Table of Contents
What Is Schema Therapy?
Schema Therapy, developed by psychologist Jeffrey young, is an innovative and comprehensive approach that combines aspects of cognitive-behavioral therapy (CBT), Gestalt experiential therapy, and psychoanalytic thinking into one process. It is specifically designed to help people to change some of the longstanding patterns of thinking and acting.
The ‘Schemas’ that we aim to change refer to those self-defeating core themes that you keep repeating throughout your lives. These deep-rooted patterns are associated with not only thoughts but also feelings and even physical sensations. Some examples of schema beliefs are: “I’m unlovable,” “I’m a failure,” “People don’t care about me,” “I’m not important,” “Something bad is going to happen,” “People will leave me,” “I will never get my needs met,” “I will never be good enough”.

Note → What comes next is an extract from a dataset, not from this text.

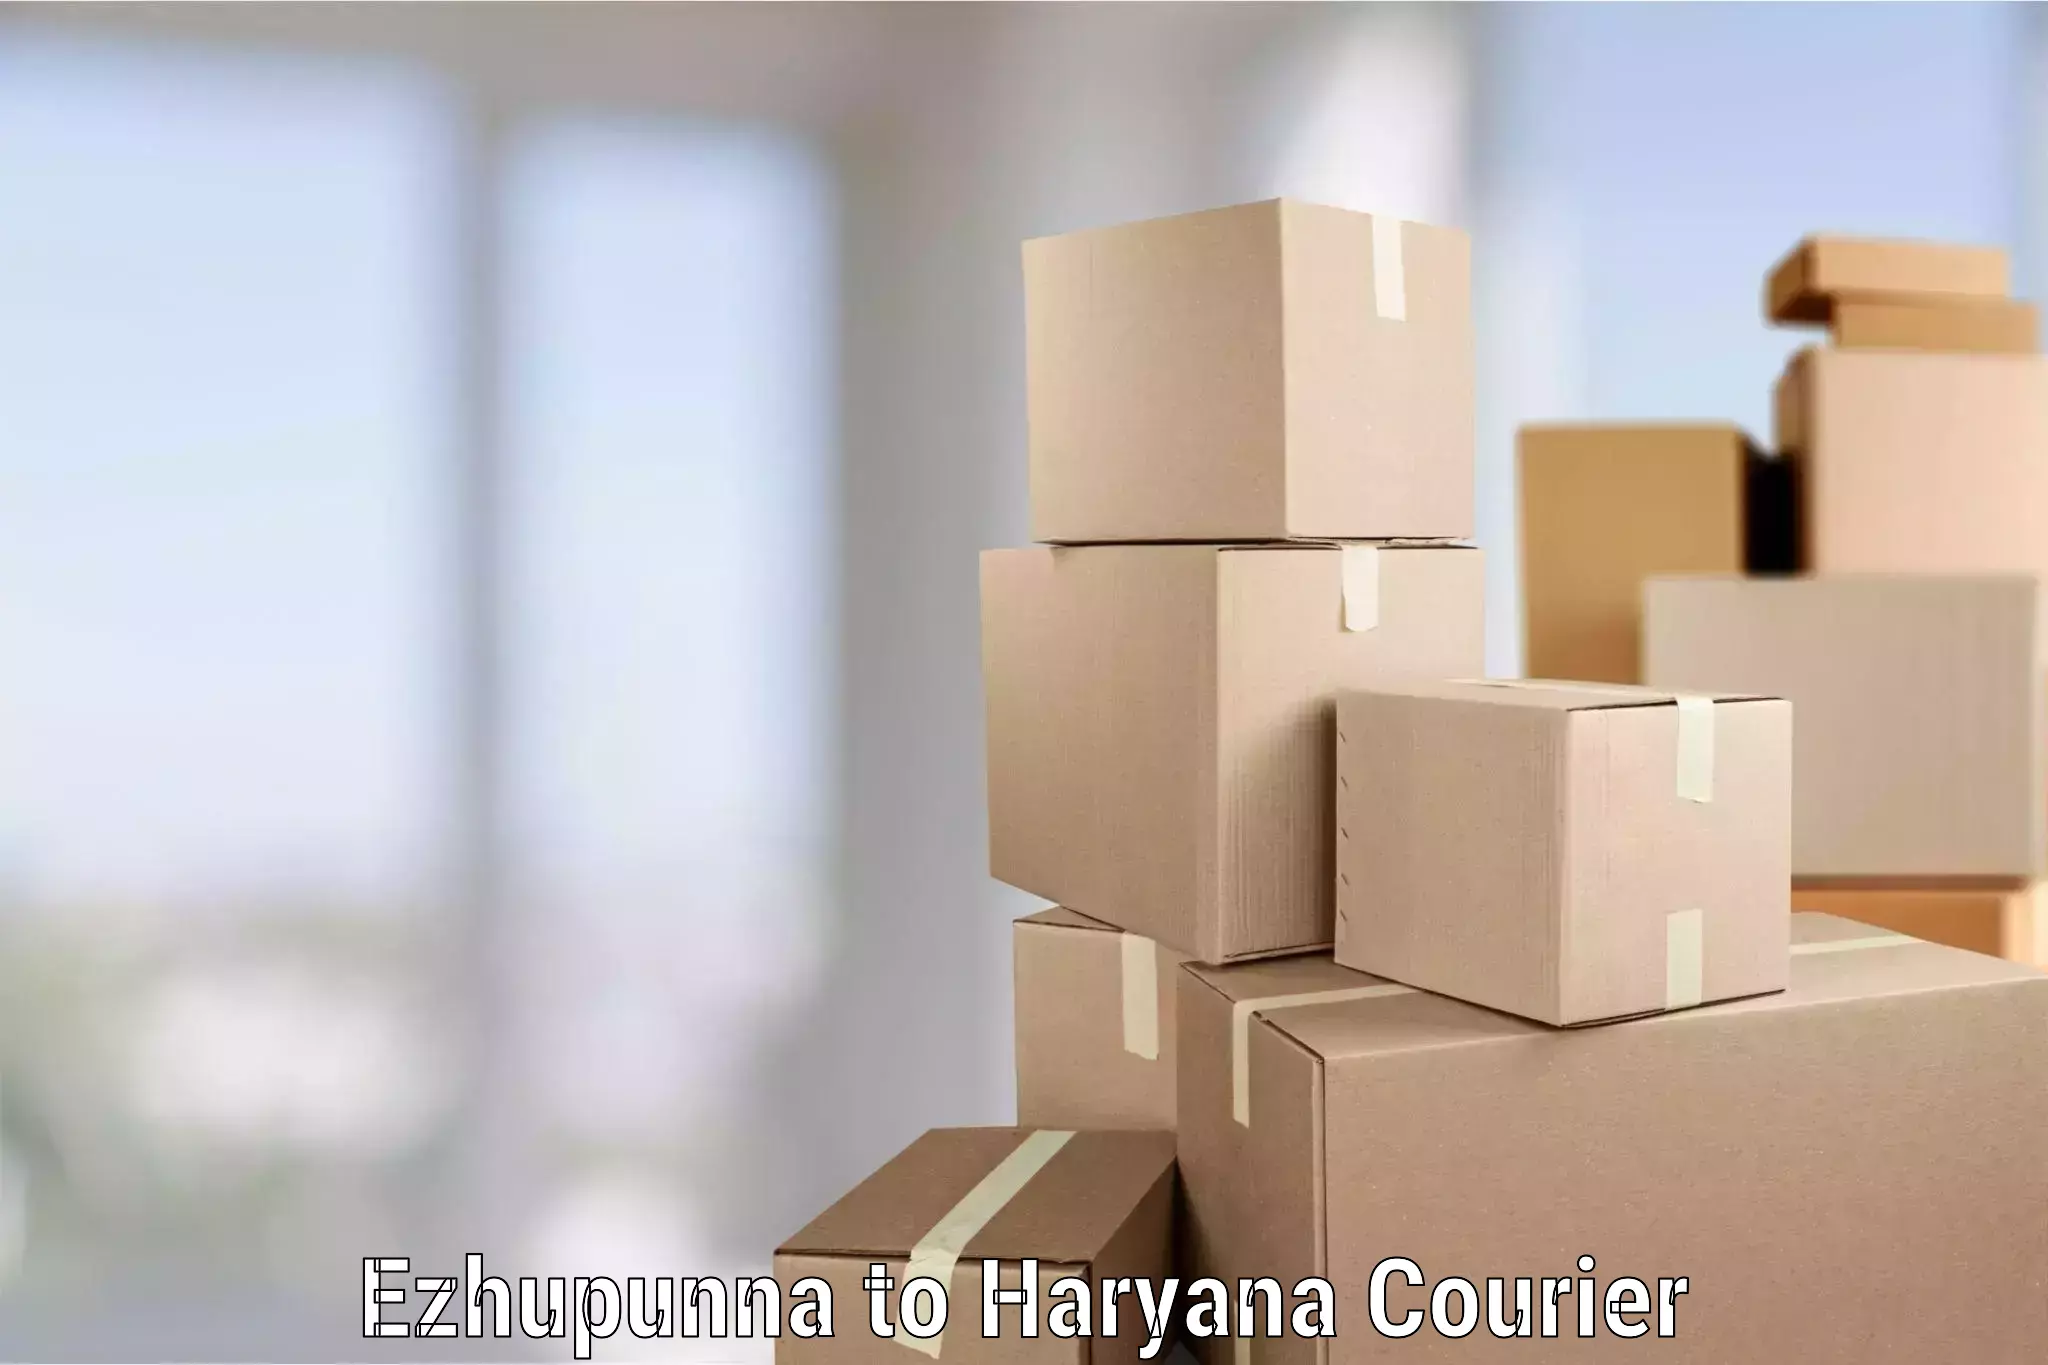 Moving and handling services in Ezhupunna to Haryana

Schemas, as defined by the system of Schema Therapy, are developed when childhood needs are not met. One metaphor I like to use is that they are like old shoes that no longer fit – because they tend to begin early in life, schemas become familiar and comfortable, even though they are ultimately not good for us. Because they are so powerful, we may even distort our view of events in our current lives in order to keep these schemas going.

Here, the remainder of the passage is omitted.